In 2009, JECFA required that additional information for the detection of the steviol glycosides rebaudioside D and rebaudioside F (Figure 1) included in the assay method. In response to this request, the Japan Stevia Association (JSA) examined the existing test method and proposed a new one, which was then reviewed and improved by the National Institute of Health Sciences (NIHS), and the developed method was reproposed. With this new method, the nine steviol glycosides could be separately analyzed by HPLC using an octadecylsilyl (ODS) column. Moreover, each steviol glycoside was identified by an individual reference chemical rather than by the zone method,
Figure 1. Structures and molecular weights of steviol glycosides.
and the quantification was achieved using both stevioside and rebaudioside A standards. Thus, this analysis provided higher accuracy and reliability. Subsequently, this method was adopted as the revised assay method for steviol glycosides at the 73rd JECFA meeting in 2010 [2]. This paper describes the basis of the new method developed by both JSA and NIHS.
2. Experimental
2.1. Reagents and Samples
The standards for stevioside (99.0+% (HPLC, dried), Code No. 193-15351) and rebaudioside A (99.0+% (HPLC, dried), Code No. 183-02361) used for the quantification were purchased from Wako Pure Chemical Industries Co., Ltd. (Osaka, Japan). The other seven steviol glycosides (rebaudioside B, rebaudioside C, rebaudioside D, rebaudioside F, dulcoside A, rubusoside, and steviolbioside) were prepared from stevia extracts by the Laboratory of Creative Science Co., Ltd. (Osaka, Japan). The purity of rebaudioside F was approximately 20%, while that of the other compounds was greater than 90%. A reference standard mixture containing the nine steviol glycosides for peak identification was prepared by dissolving nine standards in a 30:70 (v/v) mixture of acetonitrile and water, which are currently marketed by Wako Pure Chemical Industries. Two samples of commercial stevia extracts used as food additives in Japan, RA95 and RA60, were obtained from Morita Kagaku Kogyo Co., Ltd., Japan.
2.2. HPLC
The analysis was performed using an Alliance 2695 HPLC system (Waters Co., MA, USA) with an SPD- 10AV UV-Vis detector (Shimadzu Corporation, Kyoto, Japan). Separation was carried out on 4.6 × 250 mm ODS columns with a particle size of 5 µm: Capcell Pak C18 MGII (Shiseido Co., Ltd., Tokyo, Japan), Shim-pack CLC-ODS (Shimadzu Corporation), and Luna C18 (Phenomenex Co., Ltd., CA, USA). For comparison, a SunFire C18 column (Waters Co., Ltd.) and other ODS columns were also used. The column temperature was maintained at 40˚C. Elution was achieved using a 32:68 (v/v) mixture of acetonitrile and 10 mmol/L sodium phosphate buffer (pH 2.6) as the mobile phase for 30 min. The flow rate was maintained at 1.0 mL/min, and the chromatographic profile was monitored at 210 nm.

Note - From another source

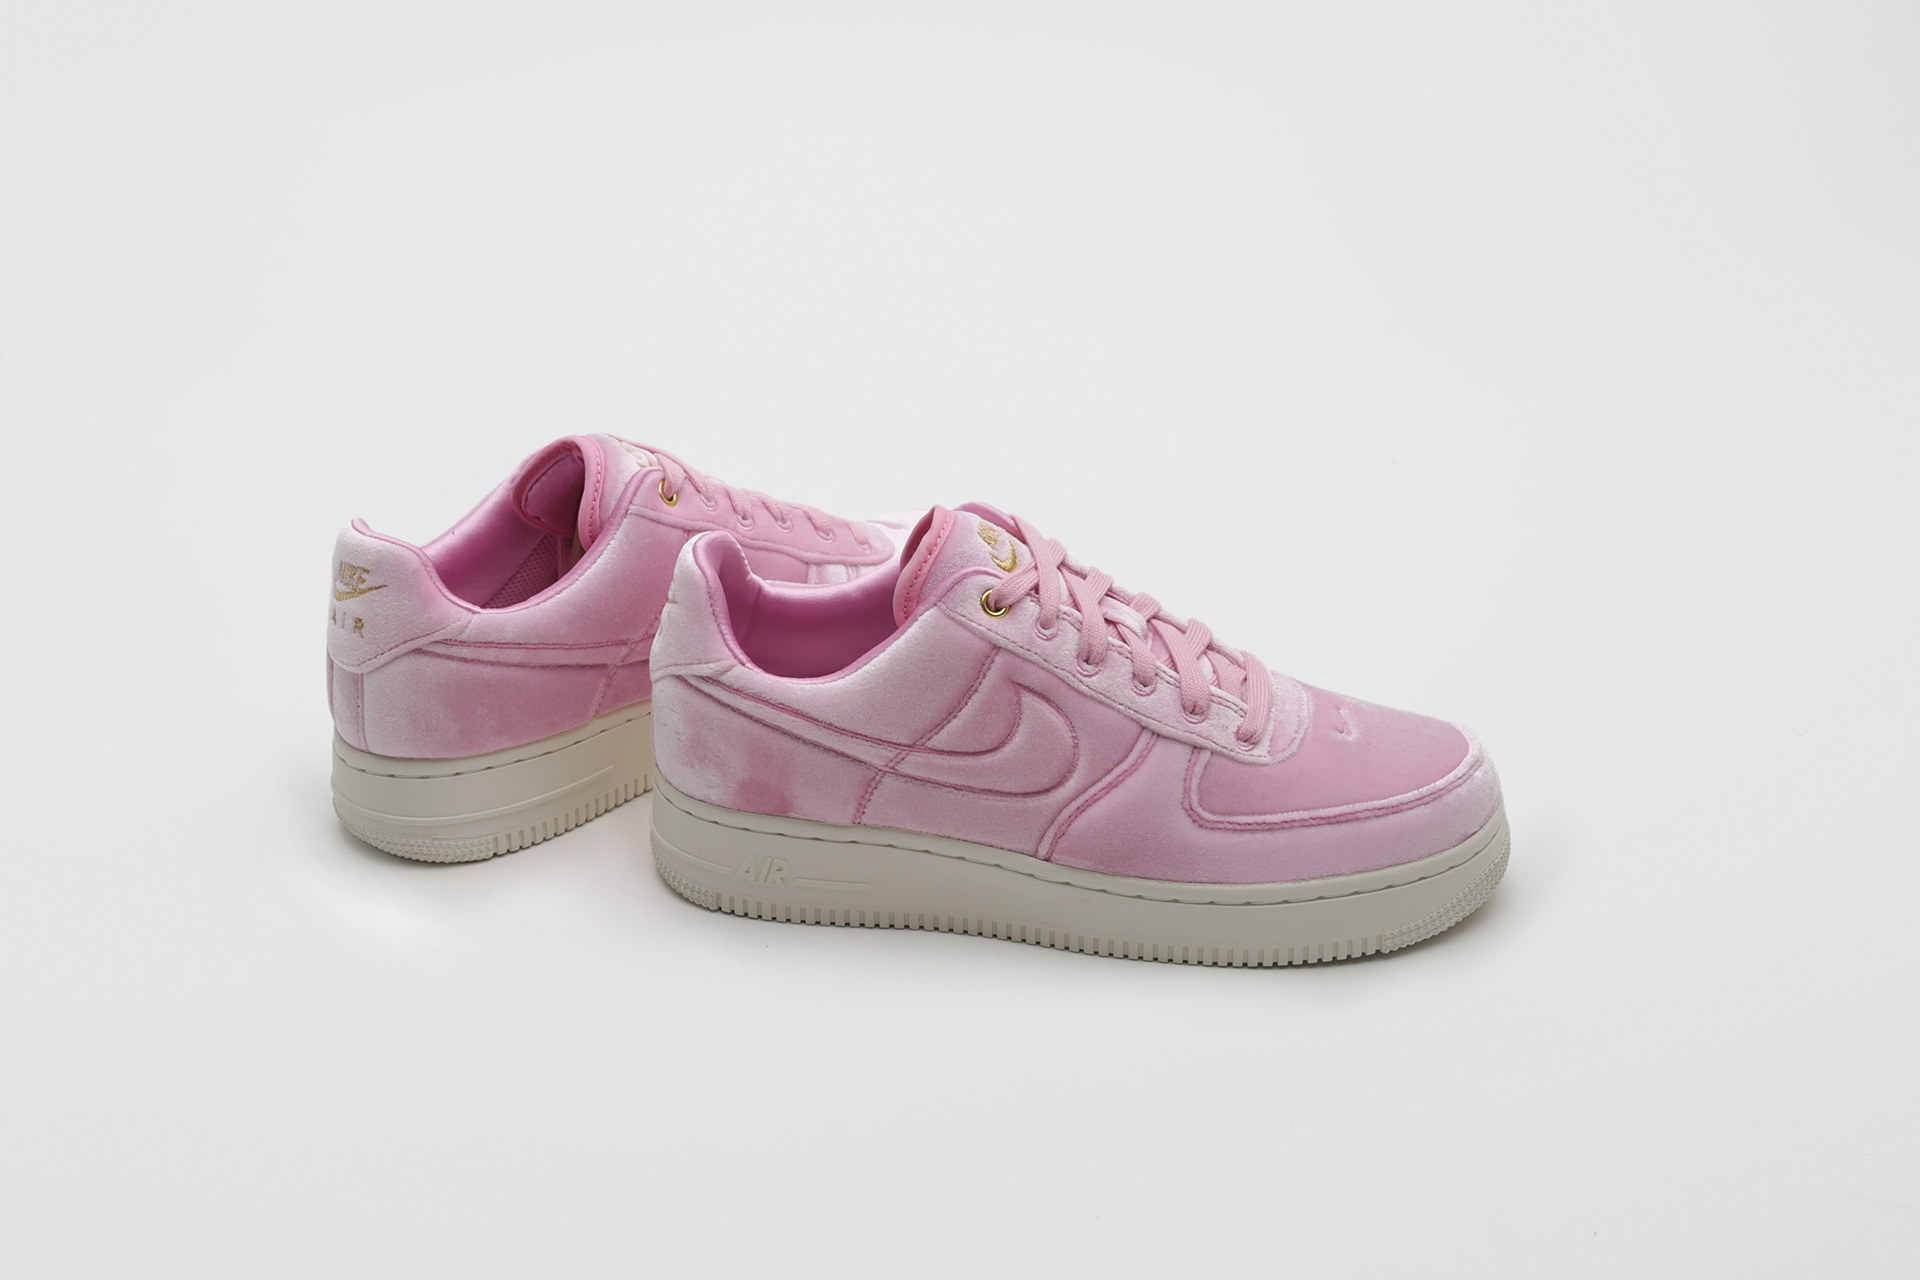 068b1bce Купить розовые кроссовки Air Force 1 '07 PRM 3 от Nike (AT4144-600 ...

For comparison, the existing JECFA method was performed using a Supelcosil LC-NH2 amino-bonded column (4.6 mm i.d. × 250 mm, 5 μm, Sigma-Aldrich Co., MO, USA). The column temperature was maintained at 40˚C. Elution was achieved at a flow rate of 1.0 mL/min using an 80:20 (v/v) mixture of acetonitrile and water adjusted to a pH of 3.0 with phosphoric acid as the mobile phase, and the chromatographic profile was monitored at 210 nm.
2.3. Test Method
For the standard solutions, each of the stevioside and rebaudioside A standards (50 mg each after drying at 105˚C for 2 h) was accurately weighed into separate 50 mL volumetric flasks, and the volume was made up with a 30:70 (v/v) mixture of acetonitrile and water. They were diluted as appropriate with the same solvent mixture. For the sample solutions, RA95 and RA60 (50 mg each after drying at 105˚C for 2 h) were accurately weighed into separate 50 mL volumetric flasks, and the volume was made up with a 30:70 (v/v) mixture of acetonitrile and water. The standard and sample solutions (5 µL) were injected into the HPLC system. Steviol glycosides were identified on the basis of their correspondence of retention times using the reference standard mixture, and the peak areas were measured. Each solution was injected in triplicate, and the mean value was used for quantitation.
2.4. Calculation of Steviol Glycoside Concentration
The concentration of eight (not rebaudioside A) steviol glycosides (x) in the sample was calculated by the following formula:
(1)
Here Cx (%) is the concentration of a steviol glycoside, Wstv-stn is the weight of the stevioside standard (dried basis), Wsmp is the weight of the sample (dried basis), Ax-smp is the peak area of the steviol glycoside (x) in the sample solution, Astv-stn is the peak area of the stevioside in the standard solution, and fx is the coefficient value for each steviol glycoside (1.00 (rebaudioside B), 1.18 (rebaudioside C), 1.40 (rebaudioside D), 1.16 (rebaudioside F), 0.98 (dulcoside A), 0.80 (rubusoside), or 0.80 (steviolbioside)).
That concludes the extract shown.